### Task
Could you copy the data that follows exactly as written, but drop the pictures?

--- Source material Enclosed Below ---

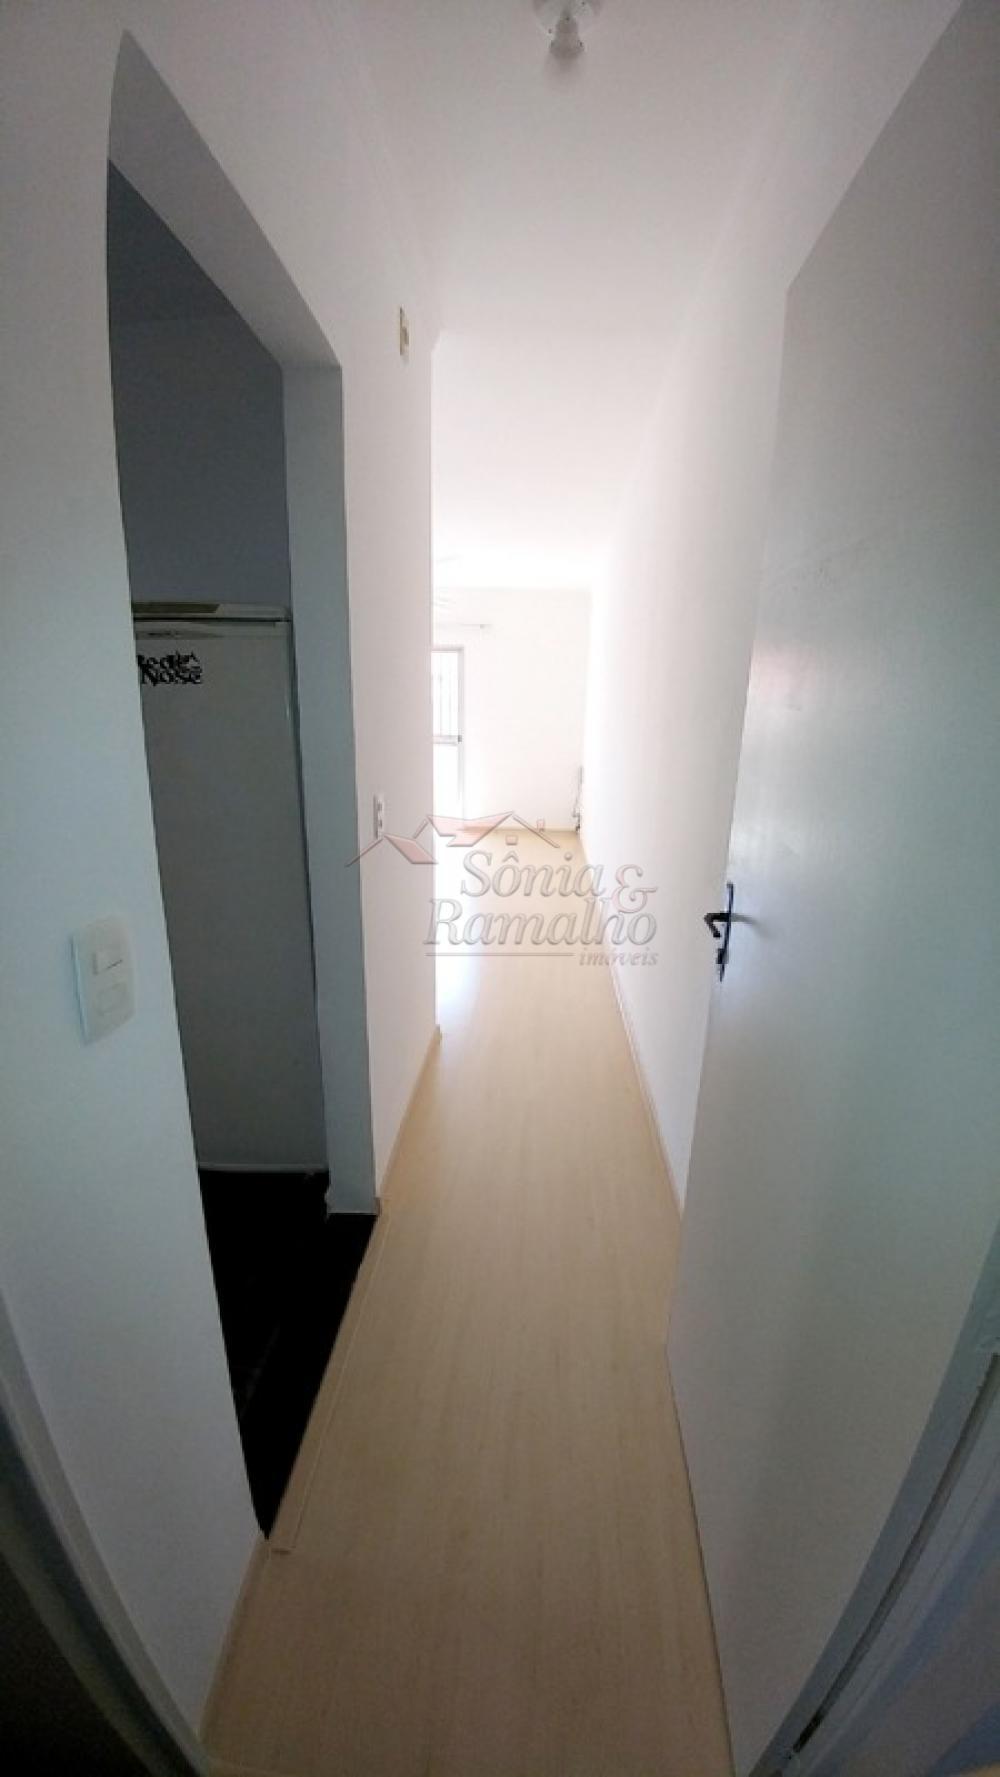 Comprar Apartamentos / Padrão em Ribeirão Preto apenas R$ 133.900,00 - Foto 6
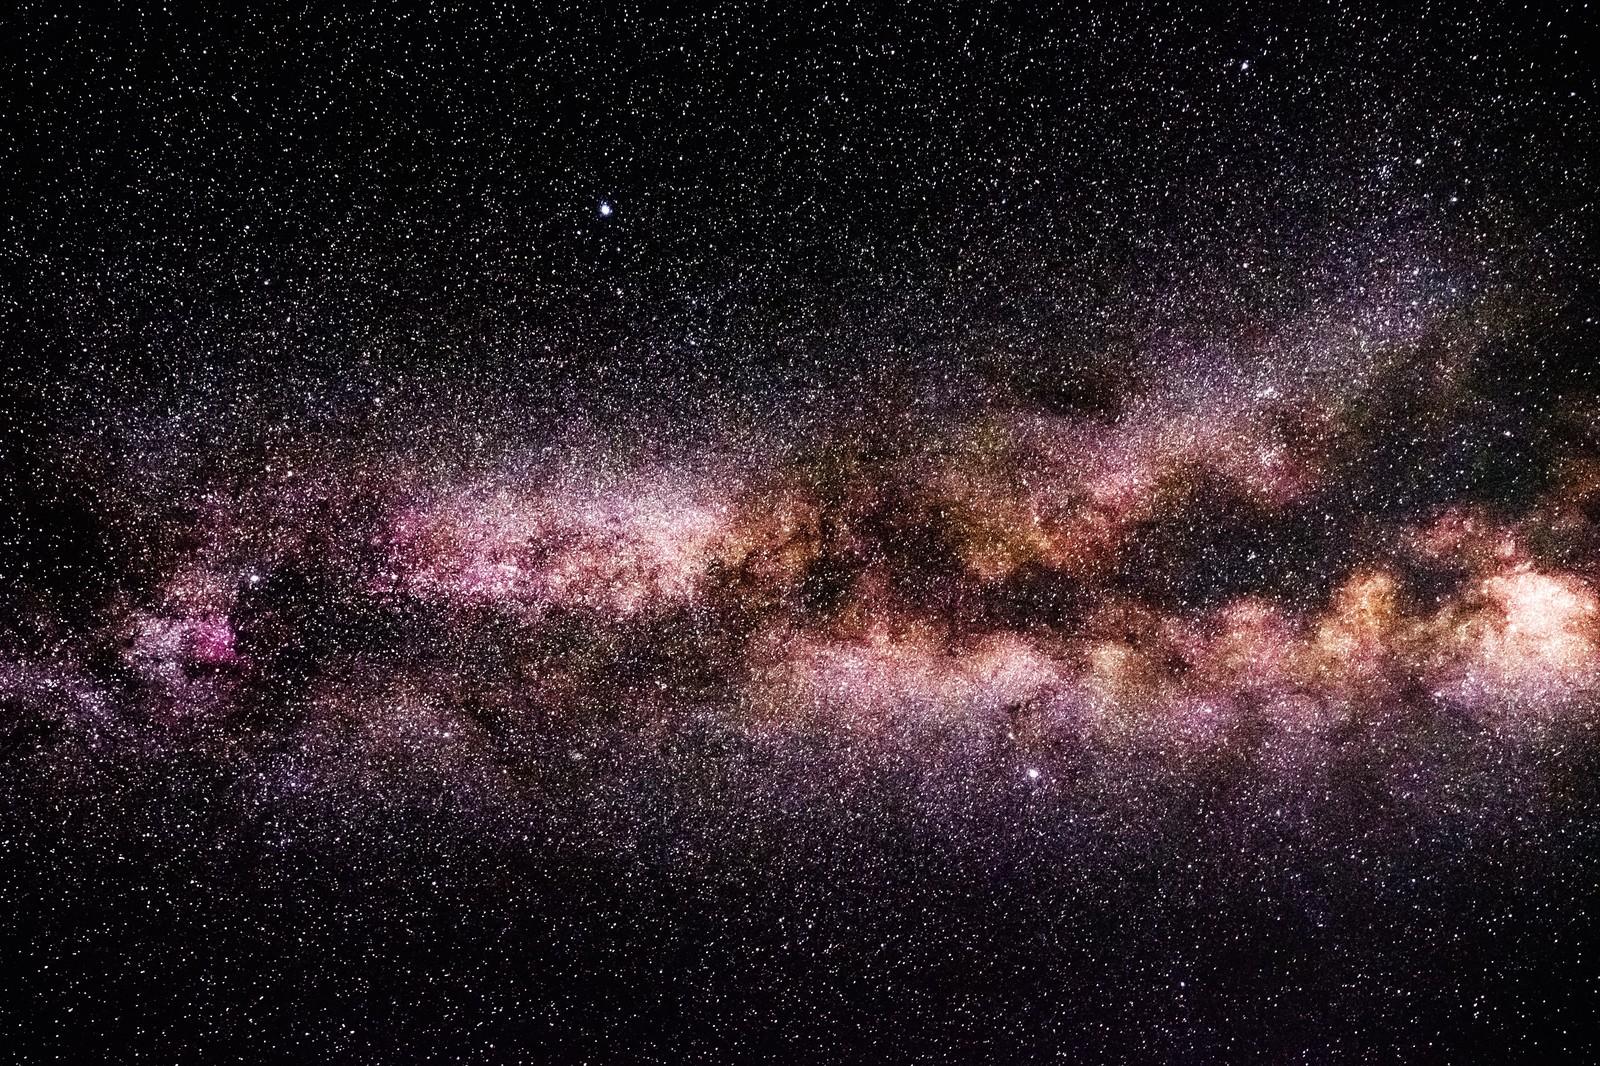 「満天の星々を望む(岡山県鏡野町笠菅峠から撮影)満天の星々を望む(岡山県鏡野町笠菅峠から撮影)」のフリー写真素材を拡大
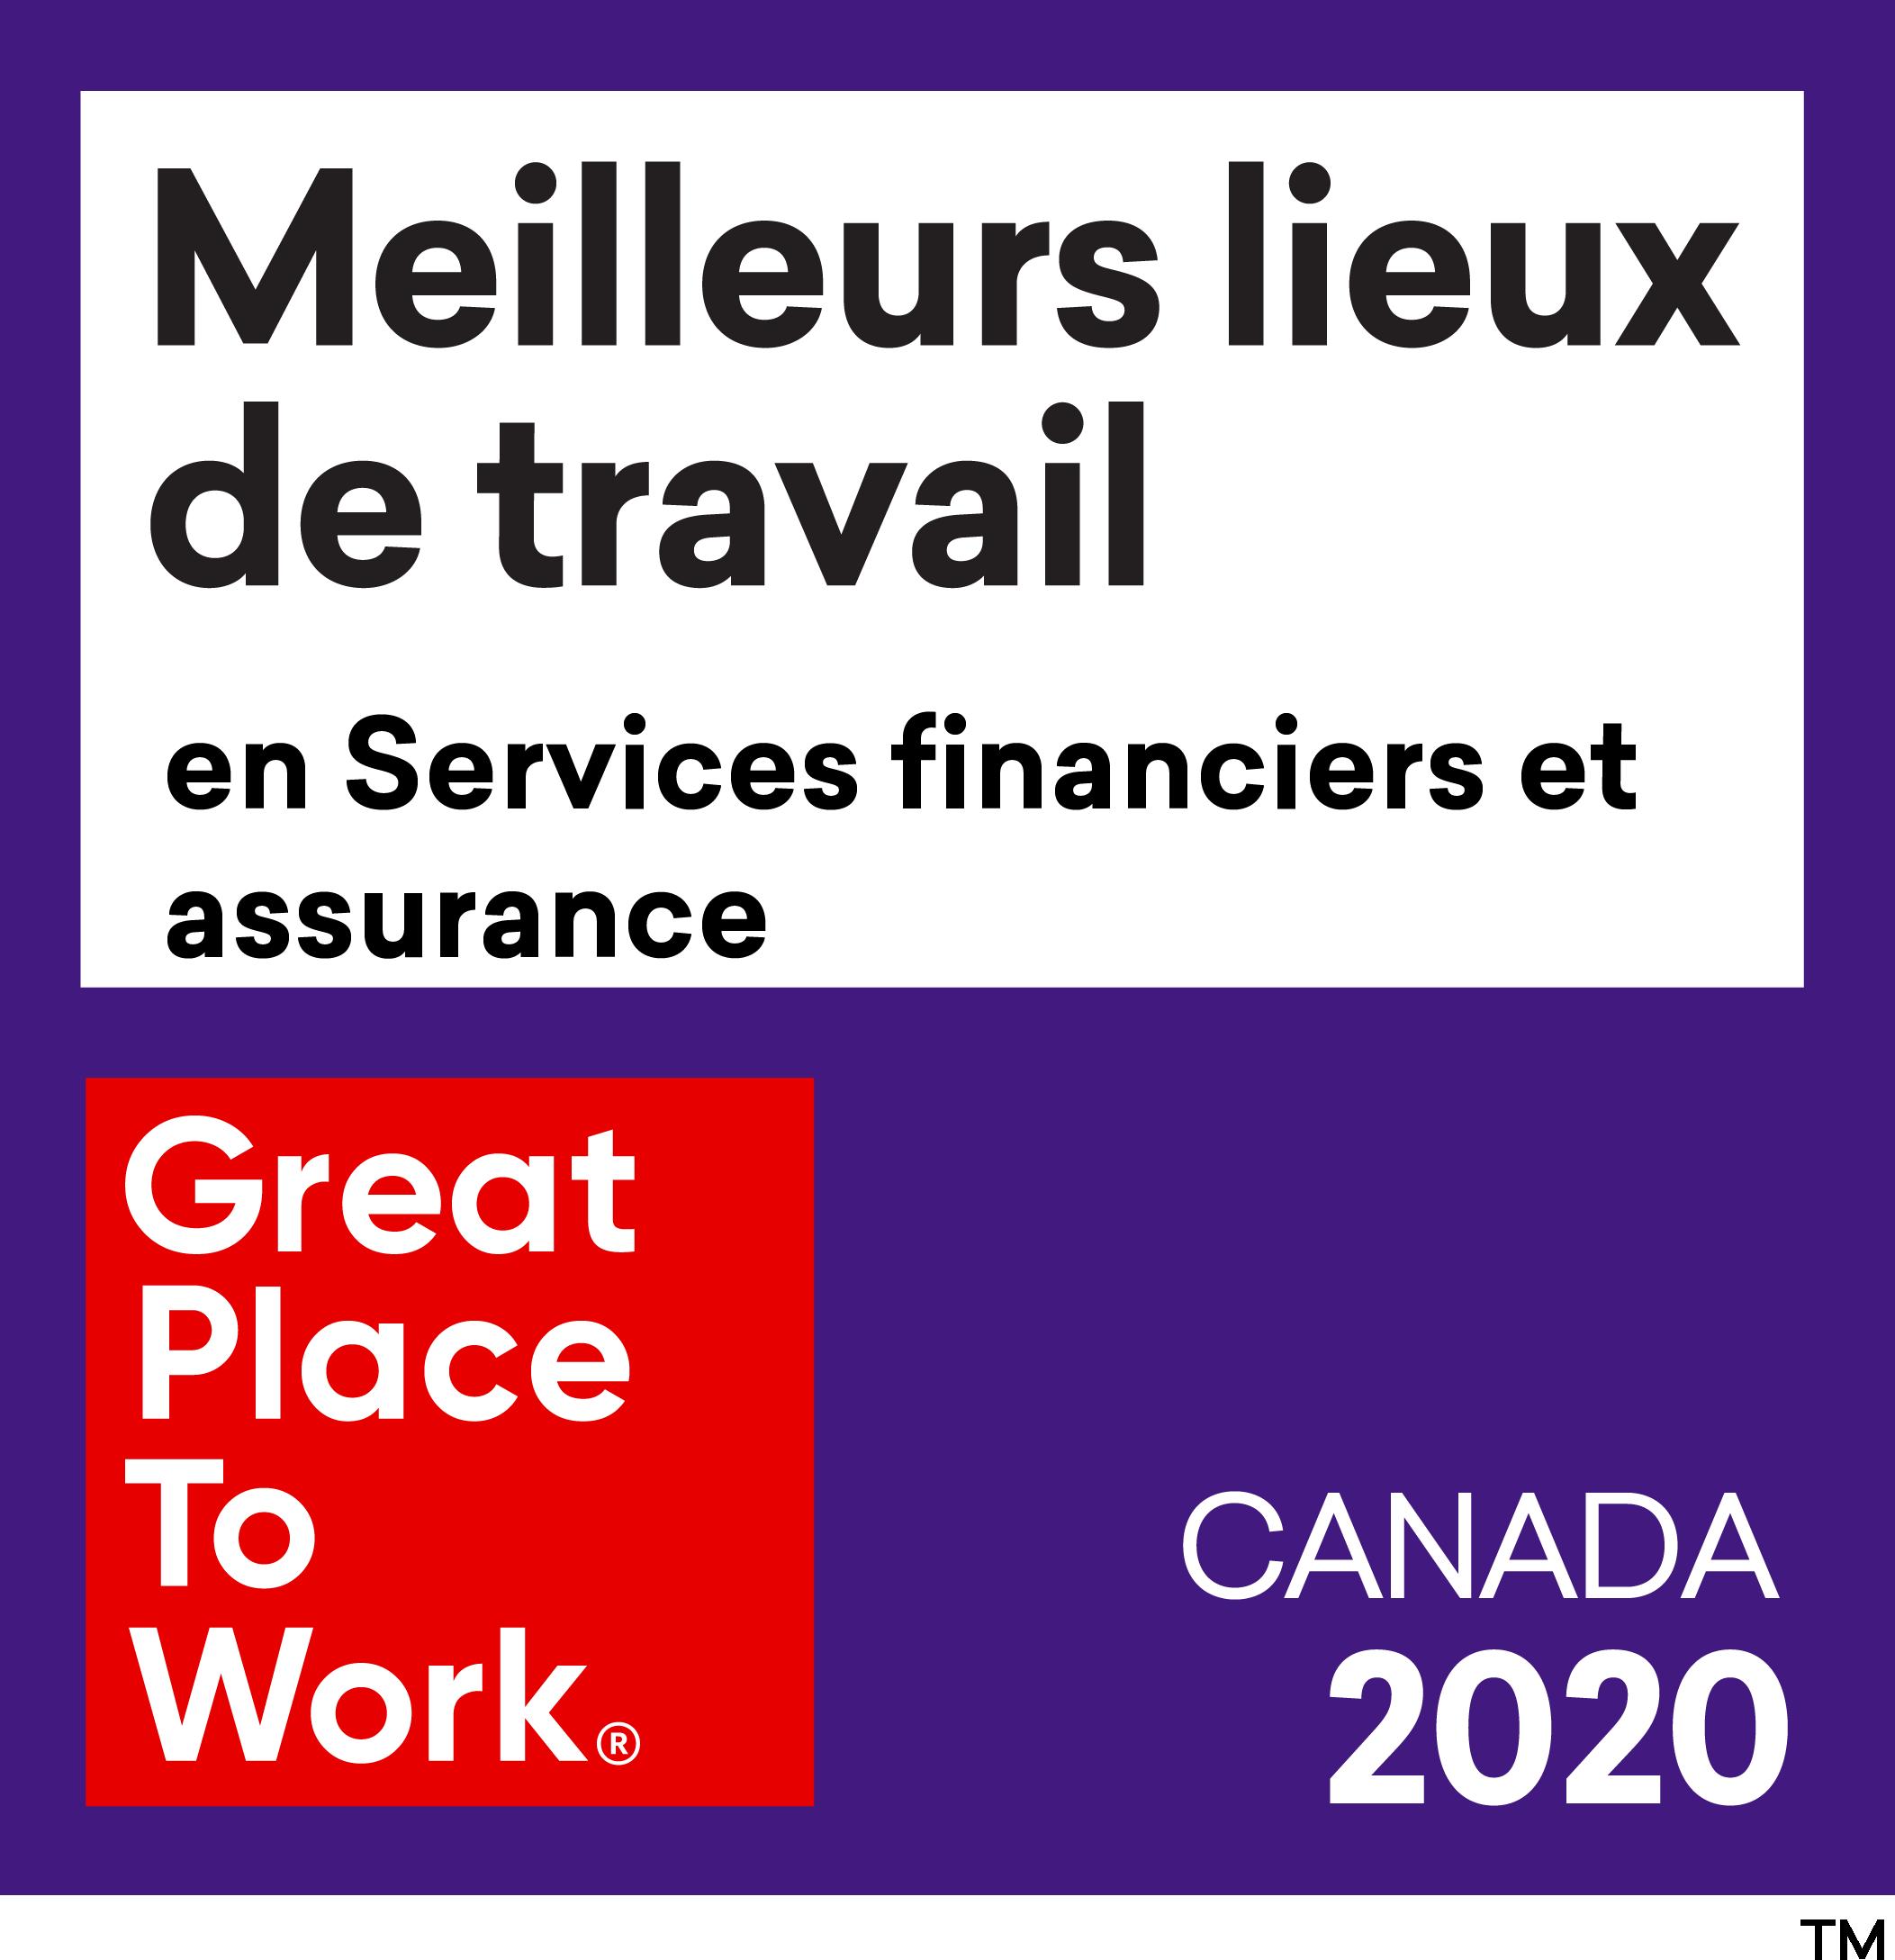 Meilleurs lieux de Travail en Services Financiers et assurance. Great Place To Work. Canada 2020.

--- End of Enclosed Source material ---

### Answer to this exercise
 Comprar Apartamentos / Padrão em Ribeirão Preto apenas R$ 133.900,00 - Foto 6
 「満天の星々を望む(岡山県鏡野町笠菅峠から撮影)満天の星々を望む(岡山県鏡野町笠菅峠から撮影)」のフリー写真素材を拡大
 Meilleurs lieux de Travail en Services Financiers et assurance. Great Place To Work. Canada 2020.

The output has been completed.